Manifest “question-begging” fallacy

You think SETI is searching for messages from non-physical aliens? How would it even be possible for us to detect a message from an intelligence that had no physical form?

But not for lack of trying. We have no experience of humans doing these things only because such a feat is far, far, far too advanced for even our intelligence. Hence why it seems more reasonable to me to postulate a source with greater intelligence than ours, over against a process with no intelligence.

One last thought, since you mentioned it I had to toss this in…

During a submarine ride a few years back, I noticed on all the scopes that there were no ships of any kind anywhere we were able to detect. But the “active intercept” (the devices that determine if we have been “pinged” by active sonar) was gong crazy… I inquired to the sonar operator if we were picking up pings from a ship that was far away, he clarified that no, we were being pinged by dolphins. Their biological machinery uses essentially the same technology that our machinery does. Only they do it far better; their active sonar transmitter, receiving array, and processing computers are far more sophisticated and give exponentially greater accuracy and speed than anything we’ve invented or could even conceive of at this point.

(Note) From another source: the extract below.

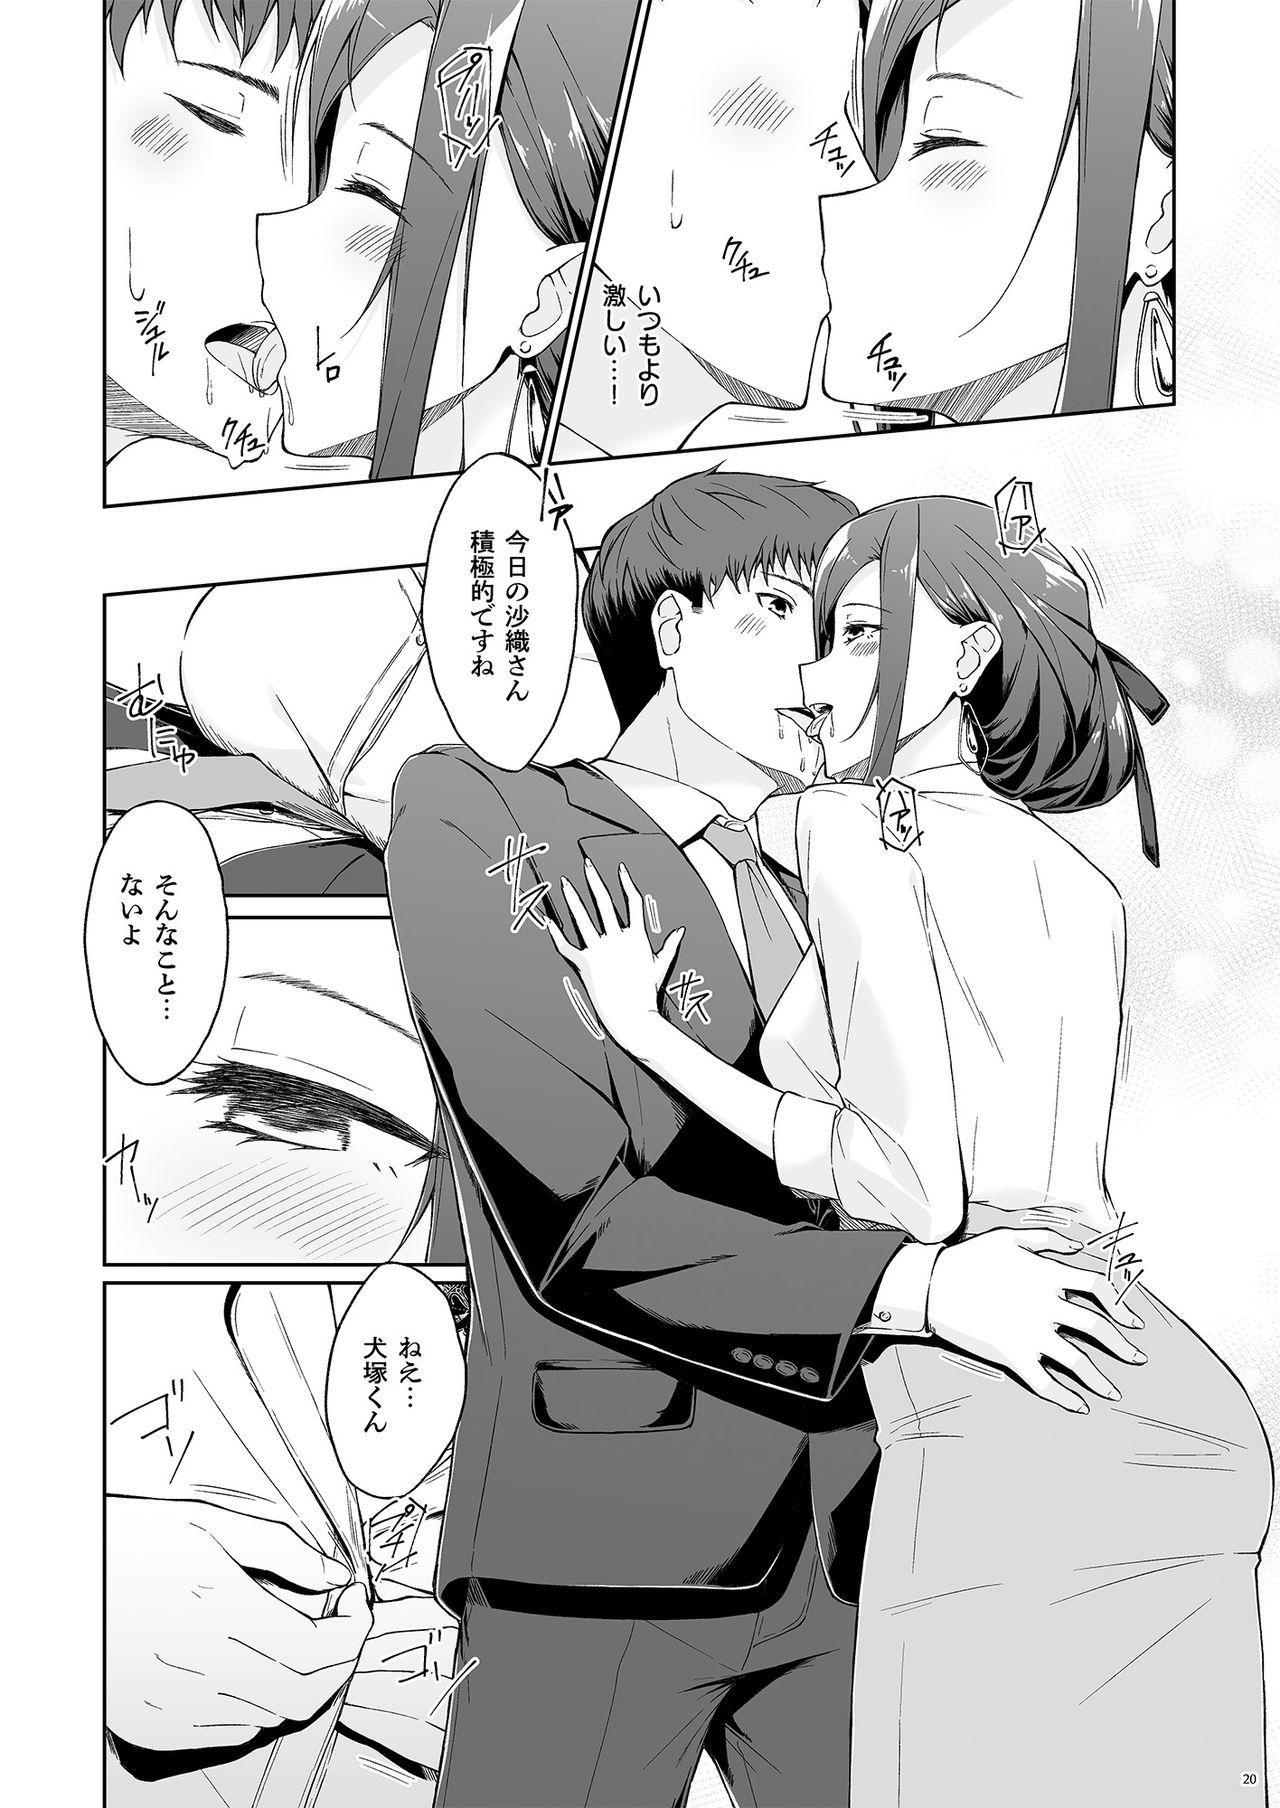 Kyuujitsu no Joushi ni wa, Kawaii Himitsu ga Aru. 2 17

I won’t argue semantics of “machines,” but I am constantly amazed at how much more sophisticated living things are than anything we have invented, especially when we’re comparing uses of the same technology. Hence why it seems so odd to me to postulate decreasing requirement of intelligence as the level of sophistication increases.

(You need to watch more “Star Trek”! :slight_smile: non-corporeal beings made of pure energy show up it seems in nearly every fourth episode…)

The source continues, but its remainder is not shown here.